Здесь, впрочем, заветного артельного начала нет, все больше сброд случайный. Чаще попадаются люди преклонных лет, и все крайне несообщительны. Удается изредка некоторым спариваться для житья в подобных навозных кучах, но ненадолго: ловкий и пронырливый разбивает в пух вялого и неумелого и прогоняет прочь от себя.
Еще раз (и в последний) перенесемся на Среднюю Волгу, в местность между Нижним и Казанью.
Здесь прямо наталкиваемся мы на известного с древнейших времен, может быть с самого покорения Казани, и знакомого всей Руси под именем казанского сироты тамошнего поволжского промышленника, Христовым именем, хотя и мусульманина, происходящего от бывших татарских мурз. Это самый докучный и самый умелый выпросить. Поравняться с ним может назойливостью и настойчивостью разве только тот соперник его, который обирает куски дальше на низу: в губерниях Самарской и Саратовской, и приходит сюда из 15 сел и деревень Саранского и Инсарского уездов Пензенской губернии.

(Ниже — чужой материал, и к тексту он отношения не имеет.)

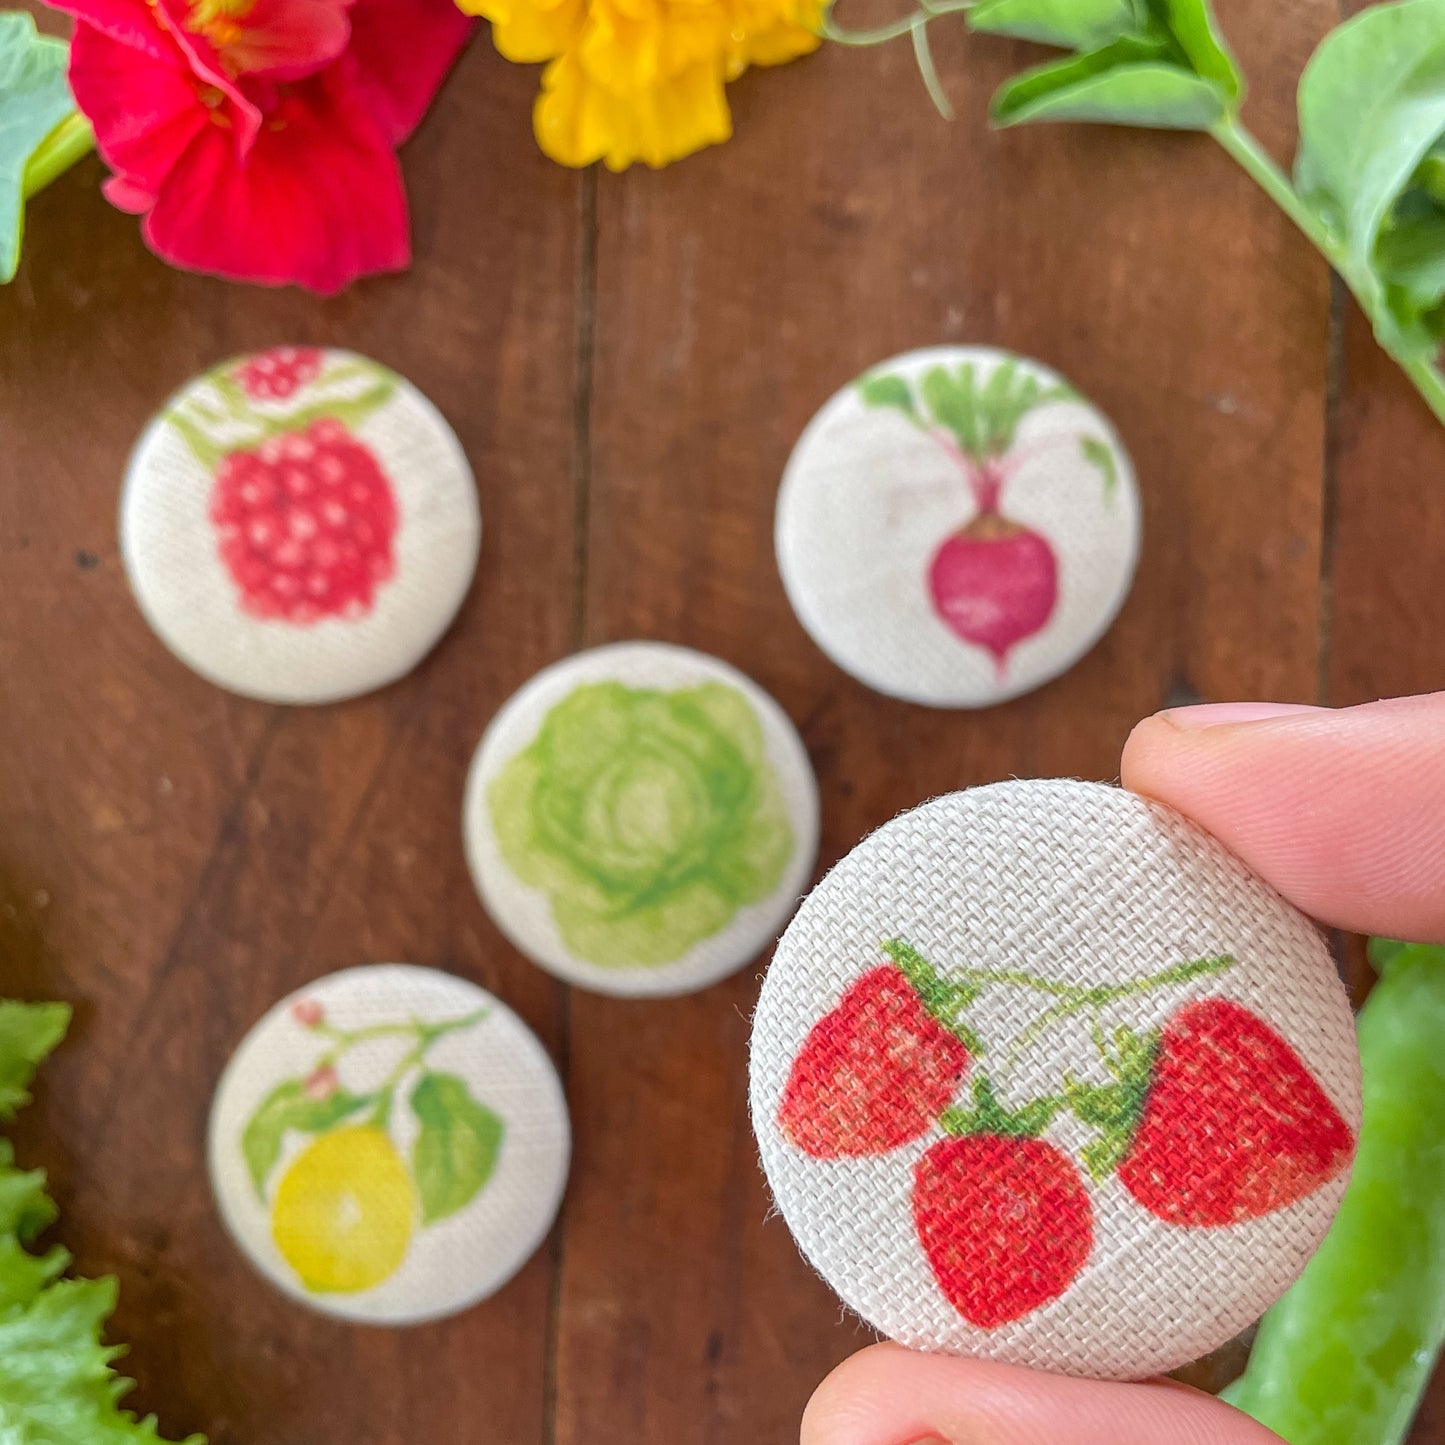 Gardener's Collection Vegetable Fabric Button Magnet Set

Ходит этот народ большими артелями, и называют они себя «калунами» (от слова «калить», что на их языке значит «сбирать, нищебродить»; по тому же смыслу, как у московских туваликов и жуликов оно значит «звонить», и убогие нищие зовутся «звонарями»).
Все эти люди, говоря словами поговорки, «ходят торговать - на погорелое собирать», хотя далеко не все здесь перечислены. Тем не менее и по указанным образцам можно уверенно идти к тем предположениям, что внимательный учет значительно дополнит список по каждой губернии и укажет очень во многих не по одной такой местности. Прикрытые язвы откроются в размерах серьезных, хотя бы уже потому, что вот целые местности не видят иного выхода из нужды бесхлебья и от недостатка других заработков, кроме нищенства. Раз прибегнув к нему, они имеют полную возможность преобразить его в настоящий и правильный промысел, где и сплачиванье в артели, и наем, и расчеты, и стачки, и стычки, и взятки, и дележки, и купля, и продажа - все, одним словом, и налицо, и при месте, и на ходу, как бы и в настоящем коммерческом предприятии.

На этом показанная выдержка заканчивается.